1540s painting by Bronzino

The painting, Portrait of Eleanor of Toledo and Her Son Giovanni, was painted c. 1545 by Agnolo di Cosimo, known as Bronzino. The painting is of Eleonora di Toledo, the Duchess of Florence, and her son Giovanni. This portrait uses the position of the two and their clothing to exemplify her power, fertility, and the legacy of the Medici family. It is housed in the Uffizi Gallery of Florence, Italy and is considered one of the preeminent examples of Mannerist portraiture.

== History ==

=== Medici Family ===
Duke Cosimo I de' Medici (1519–1574) and his Spanish wife, Duchess Eleonora di Toledo (1522–1562), were Bronzino's most famous and longstanding patrons.

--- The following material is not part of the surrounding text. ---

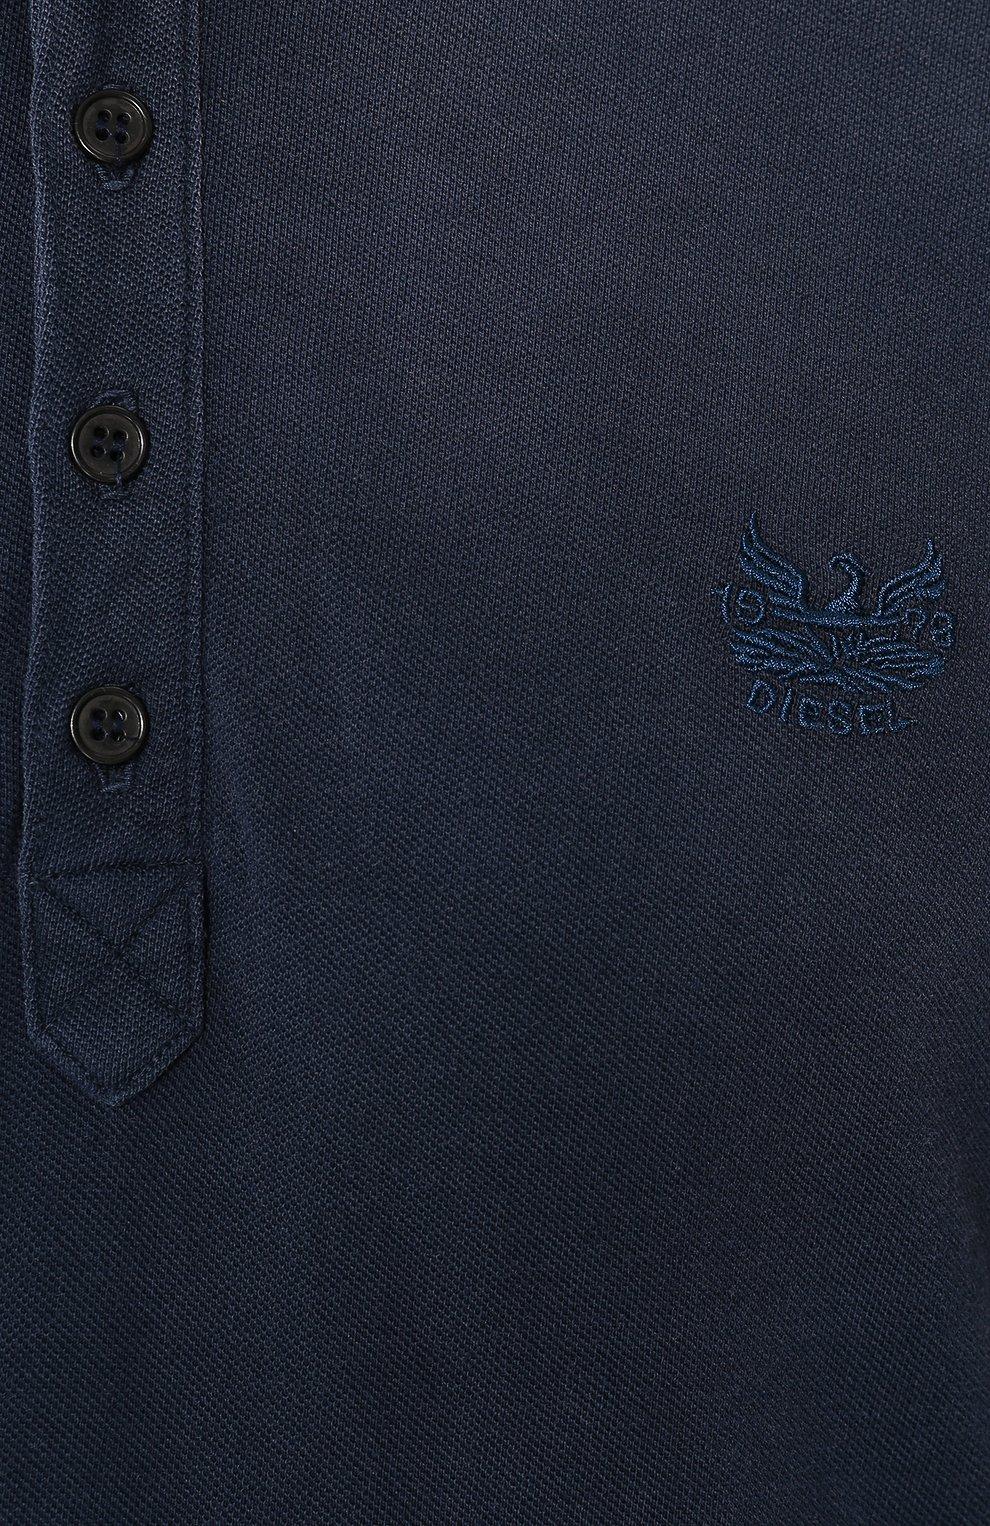 Хлопковое поло с короткими рукавами Diesel синее | Фото №5

Emperor Charles V granted the Ducal title on Cosimo I de' Medici following the assassination of Alessandro de' Medici in 1537. Despite their wealth and connections, the Medici were merchant bankers whose political influence emerged from their clever business practices. They did not gain their wealth from being royalty. Cosimo I de' Medici commissioned numerous works of art and architectural projects in an effort to enhance Florence's beauty and position himself as a powerful leader, dynasty securer, and educated, devout individual. In 1539, Cosimo married the Spanish Eleonora di Toledo, the daughter of the viceroy of Naples, Don Pedro de Toledo.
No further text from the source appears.